Wednesday, October 22, 2014

Teaching Creationism and Intelligent Design as Science in Public Schools

About a month ago I got a Linked-In notification of a post on the American Physical Society group about a White House petition to ban the teaching of Creationism and Intelligent Design as Science.  Being an educator who takes science literacy seriously, I happily signed the petition.

The petition was motivated by the relentless push of fundamentalists to teach Creationism and Intelligent Design as part of the Science curriculum in public schools.  I was surprised by the criticisms posted in response to the petition.  Below are the critical comments and my response.

You are trying to ban free speech. This is not an issue of free speech. The petition would only ban the teaching of Creationism and Intelligent Design AS science in public schools.

Not everything true is science. Science is a method that has been shown to be incredibly successful in understanding and controlling the material world.  Because Creationism and Intelligent Design do not provide falsifiable hypotheses, they are religion not science.  It is disingenuous to teach religion as science.

If science is all one can teach then education is reduced to propaganda.  We should only teach science in a science class.  There are plenty of non-science classes in the public schools.  Nobody is calling for only teaching science, though I think we need way more science education.

Who controls what is science?  Nobody controls science.  It is not a hierarchical system like a church where rules are handed down from authority.  Scientists pose hypotheses and do experiments to test hypotheses.  Once a huge body of evidence explains many things in a simple way, it is elevated to the status of a theory.  Scientists gather theories and distil them into books to help others learn what is known.

I know a number of big science personalities that act as bullies against even other scientists for any idea that is not pure status quo. The status quo is routinely turned on its head as new evidence accumulates.  A scientist may be protecting his or her turf, but the community as a whole moves (sometimes glacially) in the direction that evidence takes it.  Many of the greatest ideas were proposed by young whipper snappers, which have become the basis of many of our most successful theories.

Banning the theory of creationism and ID sounds inconsistent with the scientific method. Scientifically we don't ban theories, we simply conclude that the theory is not supported by experimental results.Scientists are not banning Creationism and Intelligent Design.  The petition specifically bans only the teaching of Creationism and ID as science.

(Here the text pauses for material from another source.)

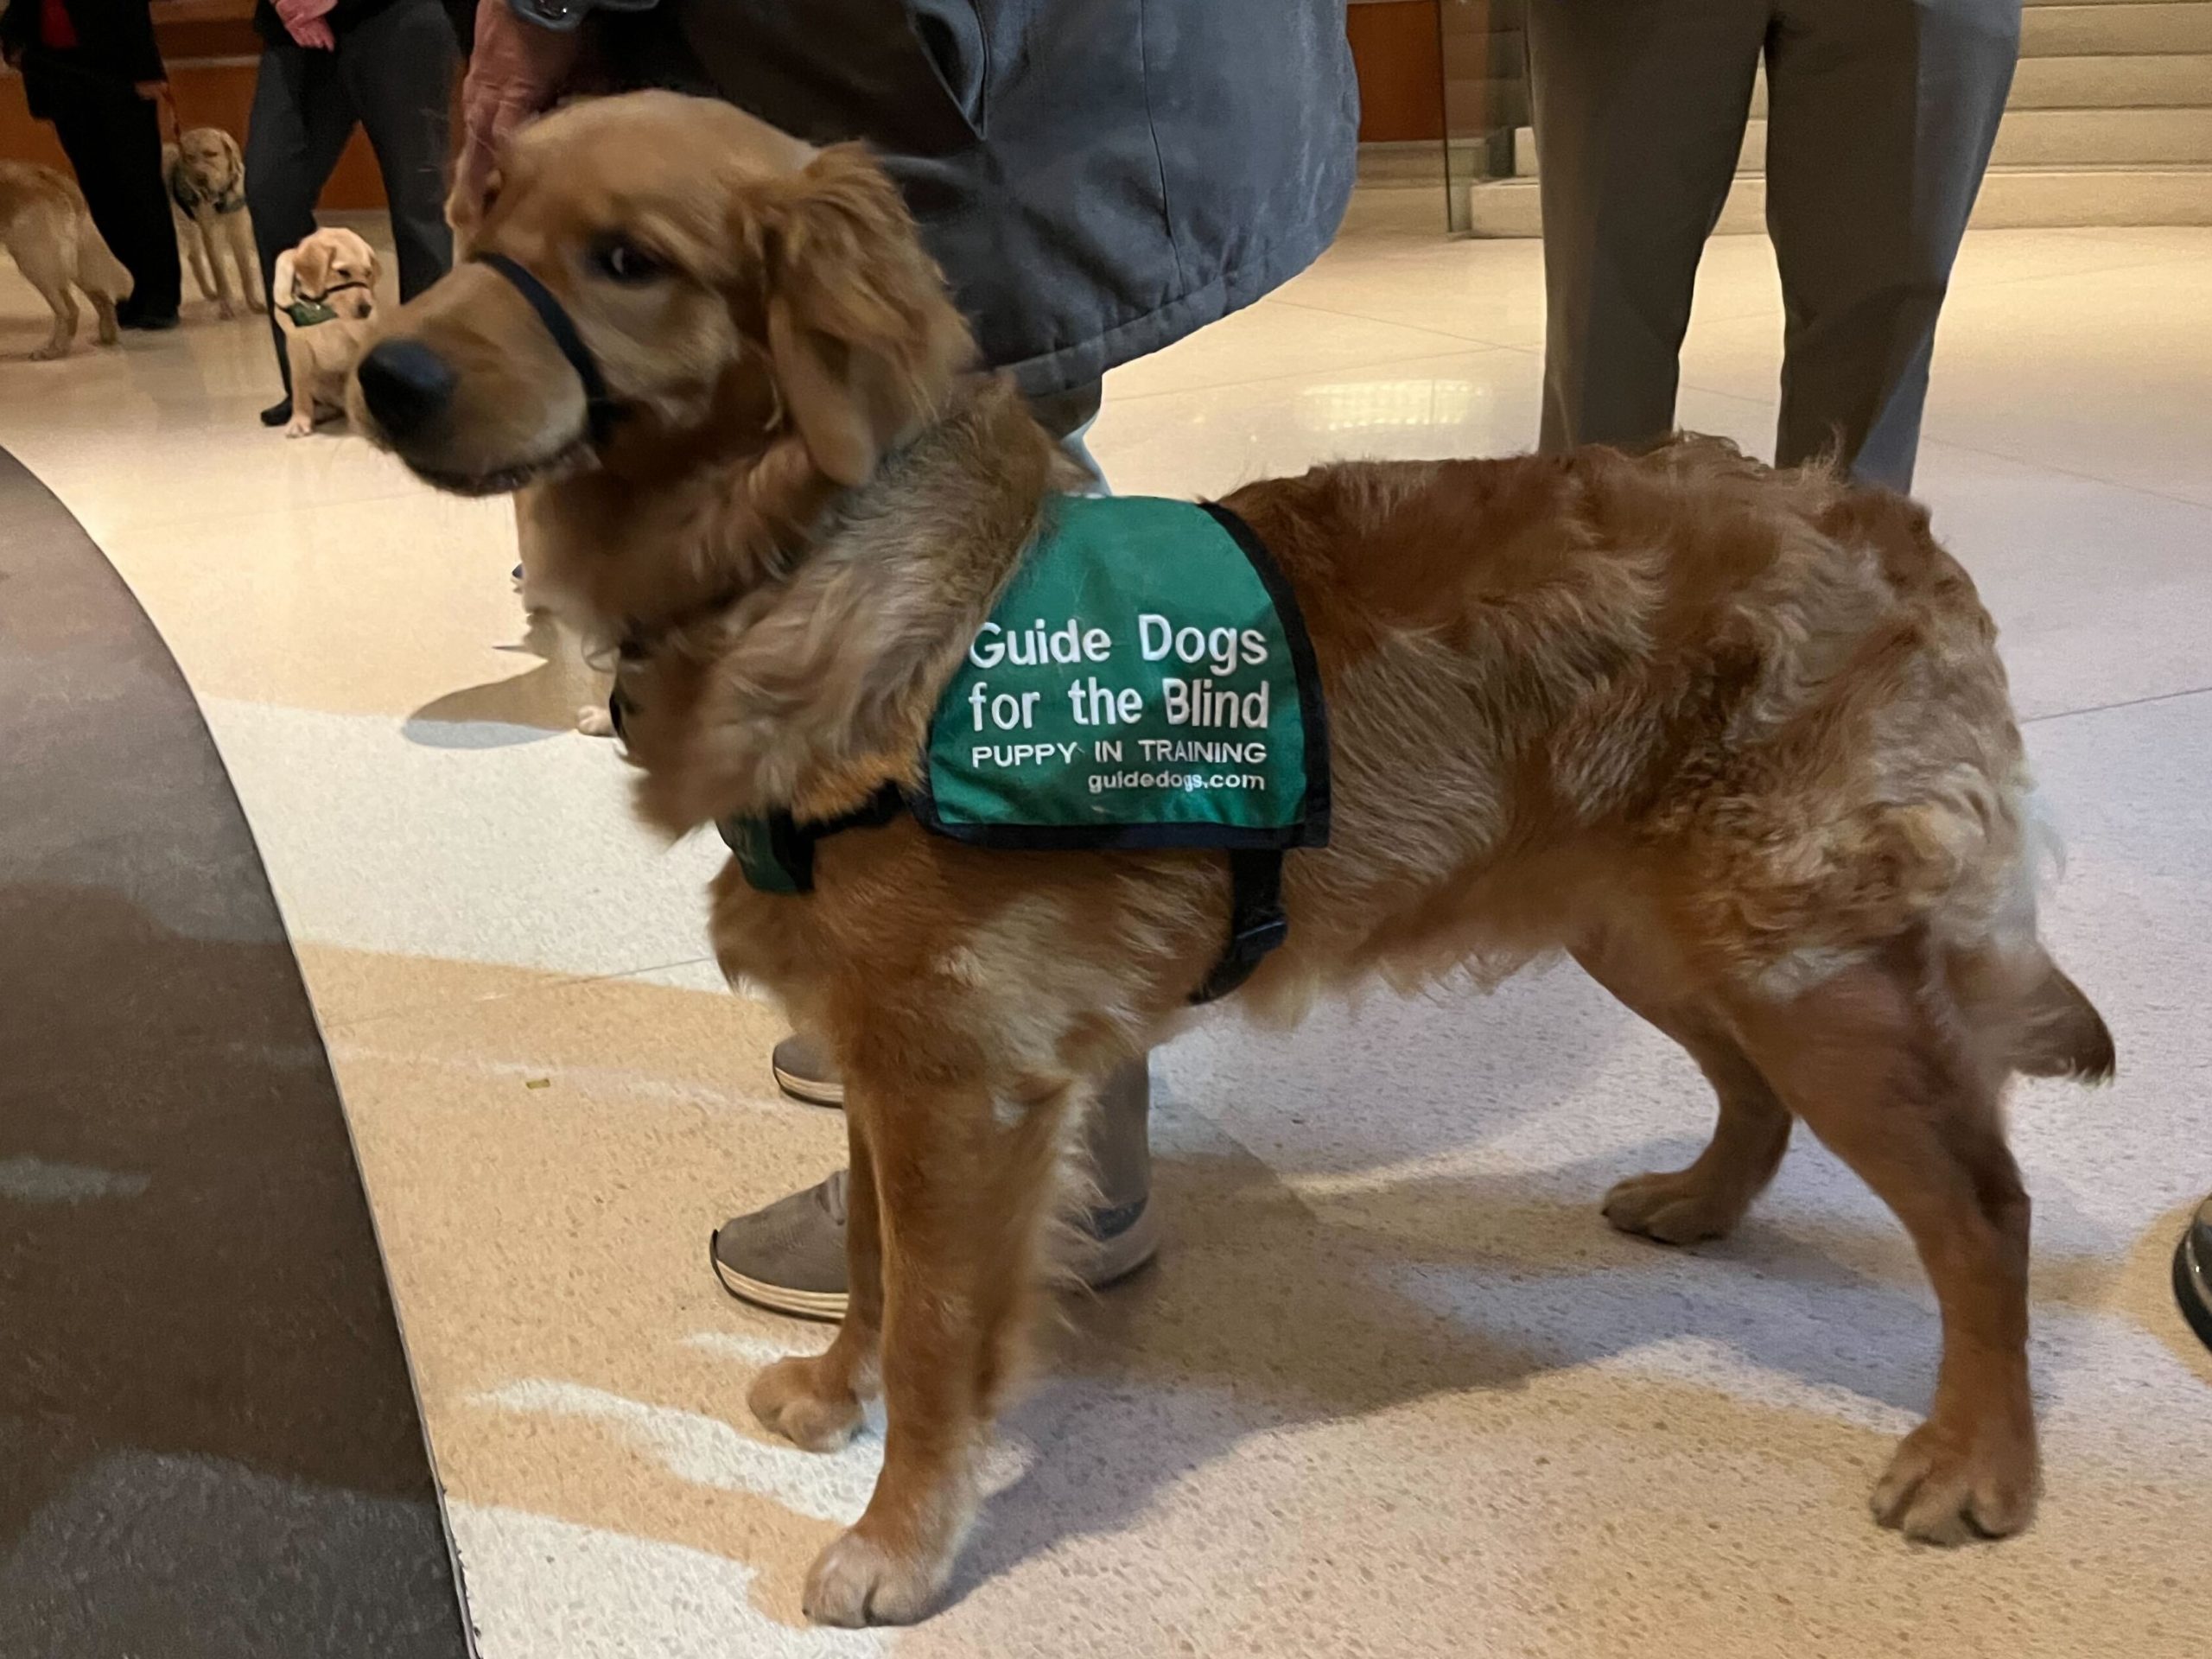 Brown-furred guide dog in training, wearing a green bandana saying, “Guide Dogs for the Blind,” stands on the lobby floor.

Wow, it is a bit disturbing to know that there are those who think that banning ideas is in harmony with our Constitution. Many have heard that old saying, "The church is a refuge for scoundrels". That truism is even truer for "science". Indeed, before condemning the teaching of "Creationism" in schools, one should feel some obligation to define "science". It most controversial discussions, the subject being discussed is never succinctly defined. Science has a precise and hopefully universally-known definition which is well stated on Wikipedia as follow: Science (from Latin scientia, meaning "knowledge"[1]) is a systematic enterprise that builds and organizes knowledge in the form of testable explanations and predictions about the universe.[2][3][4] In an older and closely related meaning, "science" also refers to a body of knowledge itself, of the type that can be rationally explained and reliably applied. A practitioner of science is known as a scientist.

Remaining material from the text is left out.